Hot air infrared thermography is one form of nondestructive evaluation of parts. In this method, hot air may be directed through an internal passage in a test piece in one or more pulses. During or after this pulse, an infrared sensor captures infrared emission information from an outside surface of the test piece. The infrared sensor is able to detect small variations in the infrared emission information indicative of different temperatures on the outside surface of the test piece. The infrared emission information can be used to generate a thermal image of the test piece in which the thermal variations across the surface of the test piece are visible. Areas of the outside surface nearer the internal passage will generally be hotter and therefore be visible in the thermographic image via a greater intensity. As a result the thermographic images can be used to evaluate internal passages of the test piece to determine, for example, its cooling efficiency, without any need to destroy the test piece.
Variations in testing conditions can lead to differences between thermographic images of the same test piece.

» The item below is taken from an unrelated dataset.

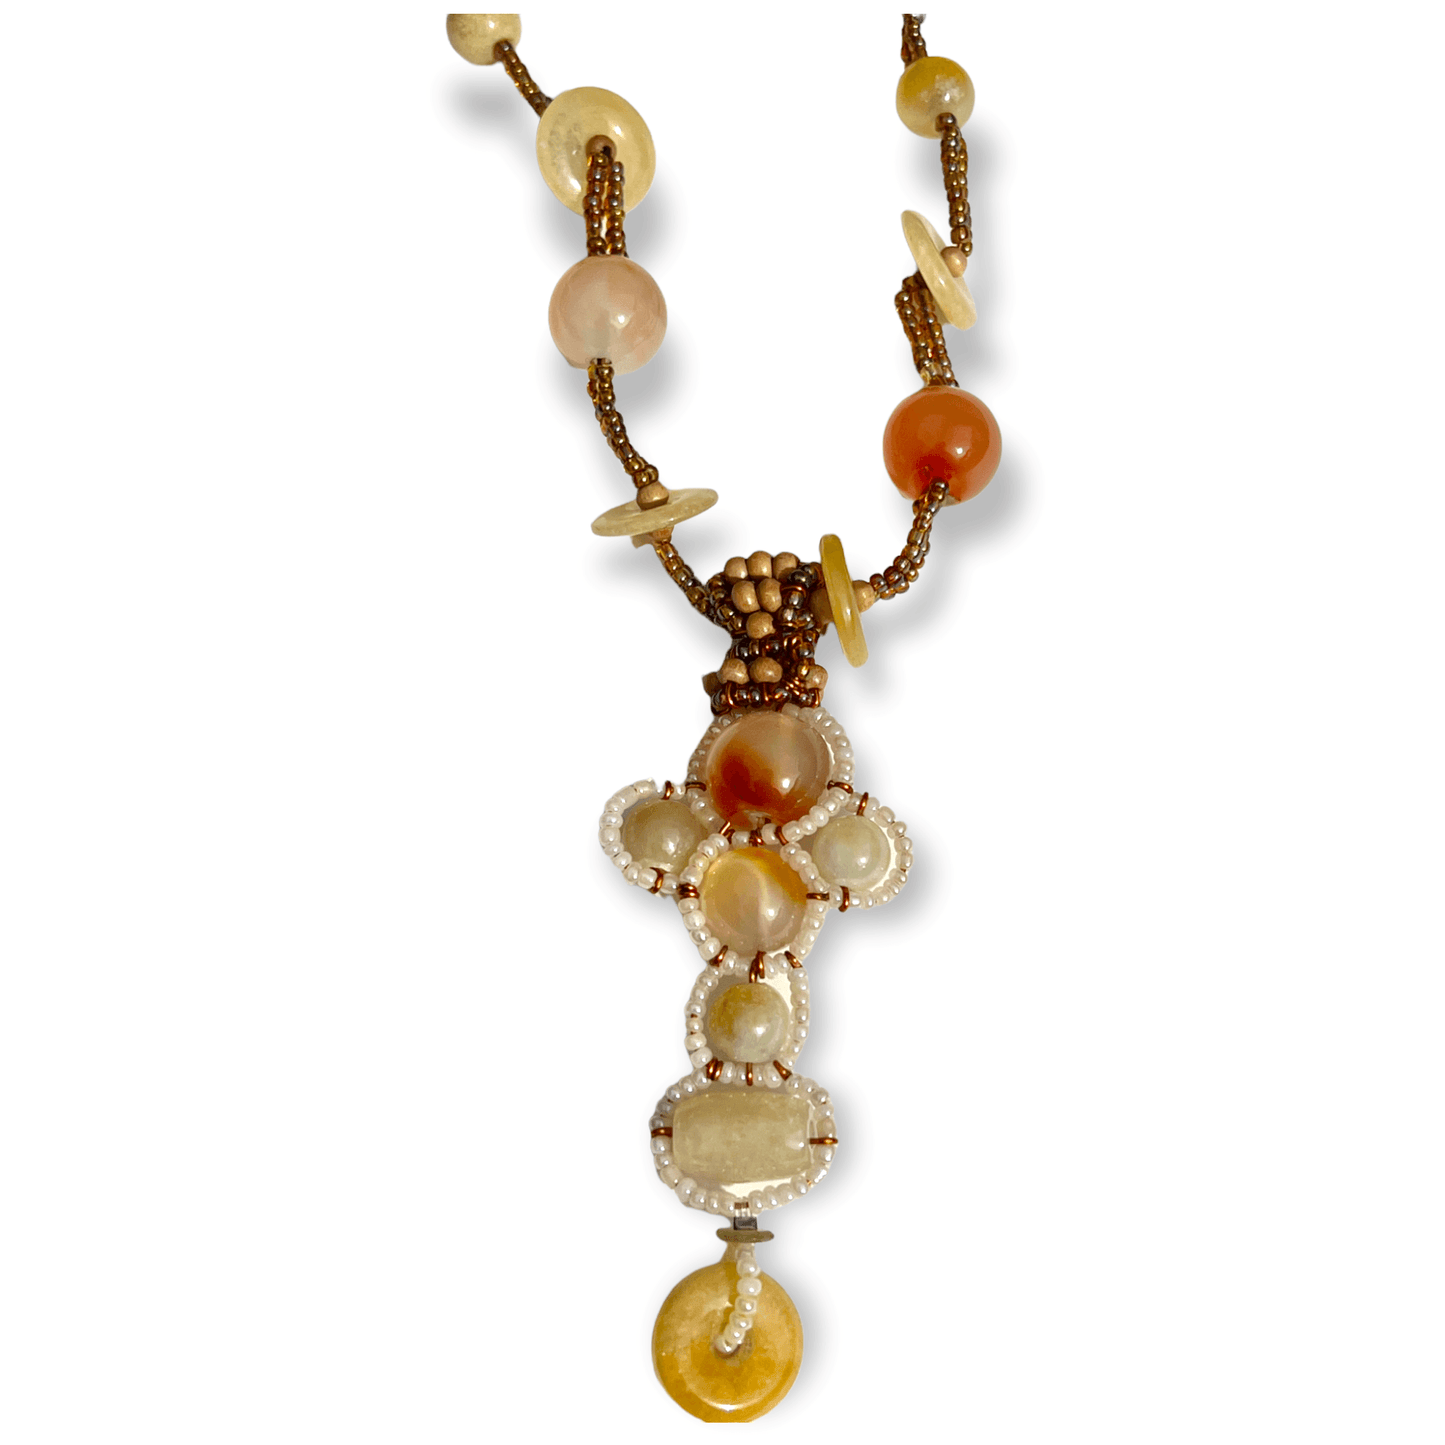 Earth tone amber pendant necklace makes a statement - Sundara Joon

For example, often a single test piece is subjected to several pulses of hot air in order to gain sufficient data for an accurate reading. The temperature of the hot air for each pulse may change due to the length of hoses, outside temperature, and compressor etc. Further, with each pulse the test piece heats up, and with each delay between pulses the test piece cools down, and thus the emission intensity of the test piece may change with each pulse. While a relative temperature distribution of the test piece will show in each of the thermographic images, an intensity level of the image may vary from image to image. This variation in intensity may be particularly prevalent near a cooling passage, which will heat up more quickly than the surrounding material. As a result, the cooling passages may vary in intensity from one image to the next relative to the surrounding material. This variation in intensity makes it difficult to detect certain partially blocked passages and measure wall thicknesses etc. Further, less accurate image data makes it difficult to compare thermal efficiency of different blade designs.
In addition, with no reference to the input air temperature, comparing multiple test pieces to each other on the same temperature scale difficult. Consequently, there is room for improvement in the art.